I don’t fully understand what controlling for a factor in a experiment means, especially when it comes to real world studies with large number of people in the trials. For e.g. ” Yogurt consumers had a higher DGAI score (ie, better diet quality) than nonconsumers. *Adjusted for demographic and lifestyle factors and DGAI*, yogurt consumers, compared with nonconsumers”
Looking for an intuitive way to understand what controlling for factors means.
Thank you in advance!

In: 3

7 Answers

Anonymous 0 Comments

There’s a lot of ways to do it, but ultimately it means trying to do what you can to make it so those differences don’t matter.

One of the cheapest/easiest ways to do that is to make it so both groups have a roughly equal makeup of people for the factors you are trying to control.
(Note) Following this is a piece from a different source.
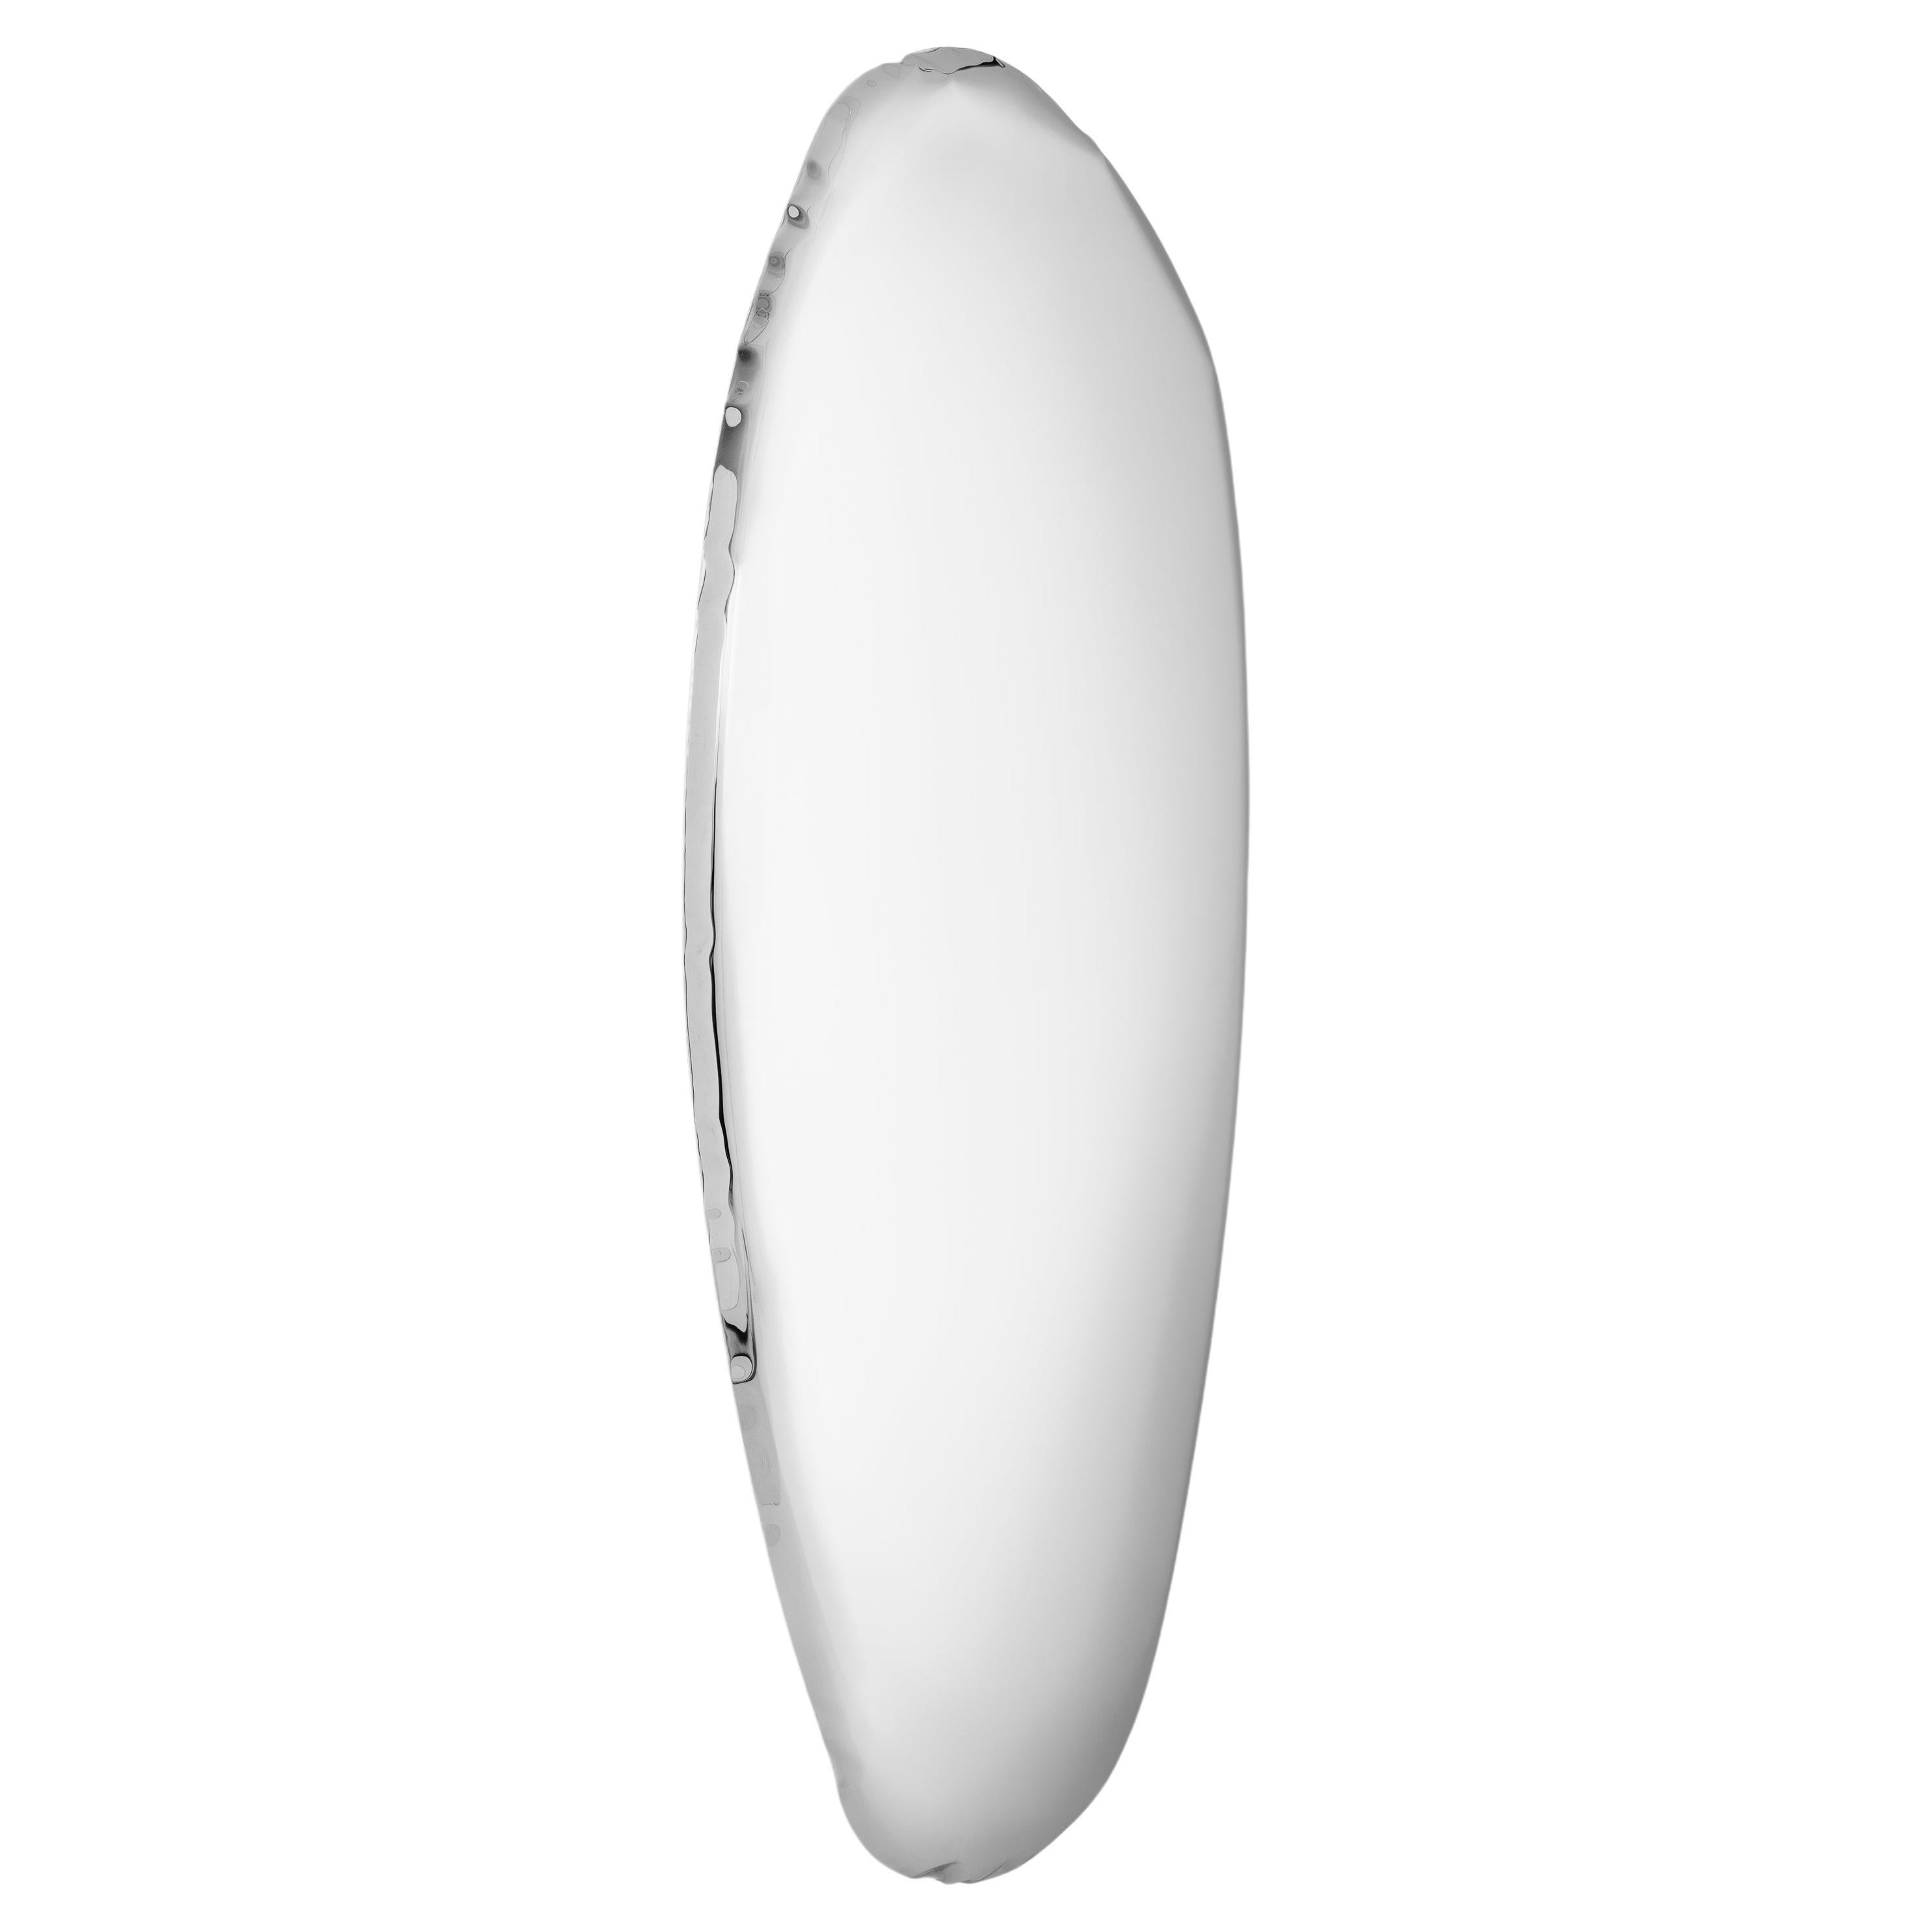 In Stock Tafla O1 Polished Stainless Steel Wall Mirror by Zieta For Sale

So you mention:

>Adjusted for demographic and lifestyle factors

This likely means that both groups the yogurt consumers and the yogurt nonconsumers had a similar makeup. The same percentage of low-income earners, high-income earners, old people, young people, etc. And for lifestyle, it’s probably talking about how often people work out or stuff like that. So you got the same mix of sedentary people and active people in each group.

So in this case you want basically the only difference between each group to be whether they eat yogurt or not.

This means that any differences in the data are unlikely to be the result of the demographics or lifestyle because each group basically had the same demographics and lifestyle make up.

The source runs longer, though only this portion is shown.